(Dataset extract)

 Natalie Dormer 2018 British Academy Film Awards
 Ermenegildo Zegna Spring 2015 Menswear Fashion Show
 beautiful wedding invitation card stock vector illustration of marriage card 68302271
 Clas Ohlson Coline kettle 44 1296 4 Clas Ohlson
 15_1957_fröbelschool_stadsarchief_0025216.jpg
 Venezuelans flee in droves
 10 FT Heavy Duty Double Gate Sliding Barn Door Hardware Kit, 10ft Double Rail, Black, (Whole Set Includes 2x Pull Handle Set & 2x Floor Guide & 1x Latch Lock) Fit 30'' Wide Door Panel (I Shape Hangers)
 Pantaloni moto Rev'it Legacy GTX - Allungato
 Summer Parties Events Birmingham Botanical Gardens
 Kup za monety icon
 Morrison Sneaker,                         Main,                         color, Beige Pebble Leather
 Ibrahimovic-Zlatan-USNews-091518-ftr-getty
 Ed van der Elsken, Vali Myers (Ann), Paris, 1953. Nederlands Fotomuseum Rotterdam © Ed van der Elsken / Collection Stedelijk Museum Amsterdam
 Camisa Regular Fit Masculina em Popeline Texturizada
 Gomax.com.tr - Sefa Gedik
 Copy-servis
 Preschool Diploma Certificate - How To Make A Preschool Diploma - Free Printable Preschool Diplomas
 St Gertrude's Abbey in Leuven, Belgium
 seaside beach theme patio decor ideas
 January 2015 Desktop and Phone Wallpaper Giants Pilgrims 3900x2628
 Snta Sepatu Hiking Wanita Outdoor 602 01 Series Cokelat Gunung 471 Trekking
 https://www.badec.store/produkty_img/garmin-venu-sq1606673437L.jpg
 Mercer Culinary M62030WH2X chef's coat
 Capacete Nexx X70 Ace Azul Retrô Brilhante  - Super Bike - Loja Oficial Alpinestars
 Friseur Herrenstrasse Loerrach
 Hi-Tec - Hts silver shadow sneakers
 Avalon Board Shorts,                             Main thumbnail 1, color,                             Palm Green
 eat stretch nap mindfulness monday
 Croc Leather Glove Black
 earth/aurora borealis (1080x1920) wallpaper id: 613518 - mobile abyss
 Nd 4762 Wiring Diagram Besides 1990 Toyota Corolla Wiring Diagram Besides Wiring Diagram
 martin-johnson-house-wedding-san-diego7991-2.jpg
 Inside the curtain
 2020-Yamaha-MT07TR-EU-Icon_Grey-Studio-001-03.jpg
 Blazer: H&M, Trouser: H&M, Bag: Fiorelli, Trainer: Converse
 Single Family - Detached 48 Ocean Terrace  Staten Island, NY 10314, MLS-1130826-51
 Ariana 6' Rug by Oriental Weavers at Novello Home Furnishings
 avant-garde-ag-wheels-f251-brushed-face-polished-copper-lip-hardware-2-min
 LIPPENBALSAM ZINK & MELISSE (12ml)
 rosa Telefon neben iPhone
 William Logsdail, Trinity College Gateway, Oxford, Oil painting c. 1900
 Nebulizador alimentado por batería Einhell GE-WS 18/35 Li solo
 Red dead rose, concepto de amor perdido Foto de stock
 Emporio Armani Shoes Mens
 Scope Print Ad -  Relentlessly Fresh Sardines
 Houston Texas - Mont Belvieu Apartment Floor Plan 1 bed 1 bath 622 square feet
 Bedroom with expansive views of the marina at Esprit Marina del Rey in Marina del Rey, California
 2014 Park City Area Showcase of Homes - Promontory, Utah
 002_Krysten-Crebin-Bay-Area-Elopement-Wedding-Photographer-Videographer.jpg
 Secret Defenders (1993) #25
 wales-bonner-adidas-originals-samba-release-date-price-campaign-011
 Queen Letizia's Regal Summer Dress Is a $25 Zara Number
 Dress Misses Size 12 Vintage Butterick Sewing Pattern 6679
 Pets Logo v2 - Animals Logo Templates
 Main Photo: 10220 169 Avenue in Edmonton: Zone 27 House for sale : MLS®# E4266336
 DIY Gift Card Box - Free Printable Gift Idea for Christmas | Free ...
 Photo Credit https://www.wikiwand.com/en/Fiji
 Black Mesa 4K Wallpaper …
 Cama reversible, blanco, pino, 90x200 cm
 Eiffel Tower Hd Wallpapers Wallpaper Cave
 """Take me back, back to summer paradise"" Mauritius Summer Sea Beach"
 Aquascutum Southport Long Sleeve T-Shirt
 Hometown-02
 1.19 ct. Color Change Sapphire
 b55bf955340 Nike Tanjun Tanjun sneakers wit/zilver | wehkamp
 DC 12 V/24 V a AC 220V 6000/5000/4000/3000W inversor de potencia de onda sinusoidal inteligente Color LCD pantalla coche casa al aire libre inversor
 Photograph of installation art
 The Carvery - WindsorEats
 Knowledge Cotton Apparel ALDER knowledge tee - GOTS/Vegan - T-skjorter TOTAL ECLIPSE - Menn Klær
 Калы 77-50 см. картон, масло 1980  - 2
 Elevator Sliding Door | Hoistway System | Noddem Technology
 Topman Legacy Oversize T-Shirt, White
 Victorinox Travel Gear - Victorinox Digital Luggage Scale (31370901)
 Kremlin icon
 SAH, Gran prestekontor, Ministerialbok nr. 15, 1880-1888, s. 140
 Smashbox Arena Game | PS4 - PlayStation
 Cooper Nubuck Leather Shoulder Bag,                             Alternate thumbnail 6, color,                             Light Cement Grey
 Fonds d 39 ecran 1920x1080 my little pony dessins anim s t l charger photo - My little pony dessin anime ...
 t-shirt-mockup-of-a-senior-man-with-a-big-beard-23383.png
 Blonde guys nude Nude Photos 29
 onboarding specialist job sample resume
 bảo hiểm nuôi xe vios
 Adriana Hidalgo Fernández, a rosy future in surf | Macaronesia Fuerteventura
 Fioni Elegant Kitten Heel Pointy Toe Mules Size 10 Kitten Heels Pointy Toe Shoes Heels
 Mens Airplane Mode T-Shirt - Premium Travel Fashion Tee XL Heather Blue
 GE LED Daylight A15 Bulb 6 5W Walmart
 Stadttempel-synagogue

(End Dataset extract)

# [Your instructions]
From the records above, copy out the line with "Kup za monety icon", the line with "Copy-servis", and every line between them, word for word.

# [Task output]
 Kup za monety icon
 Morrison Sneaker,                         Main,                         color, Beige Pebble Leather
 Ibrahimovic-Zlatan-USNews-091518-ftr-getty
 Ed van der Elsken, Vali Myers (Ann), Paris, 1953. Nederlands Fotomuseum Rotterdam © Ed van der Elsken / Collection Stedelijk Museum Amsterdam
 Camisa Regular Fit Masculina em Popeline Texturizada
 Gomax.com.tr - Sefa Gedik
 Copy-servis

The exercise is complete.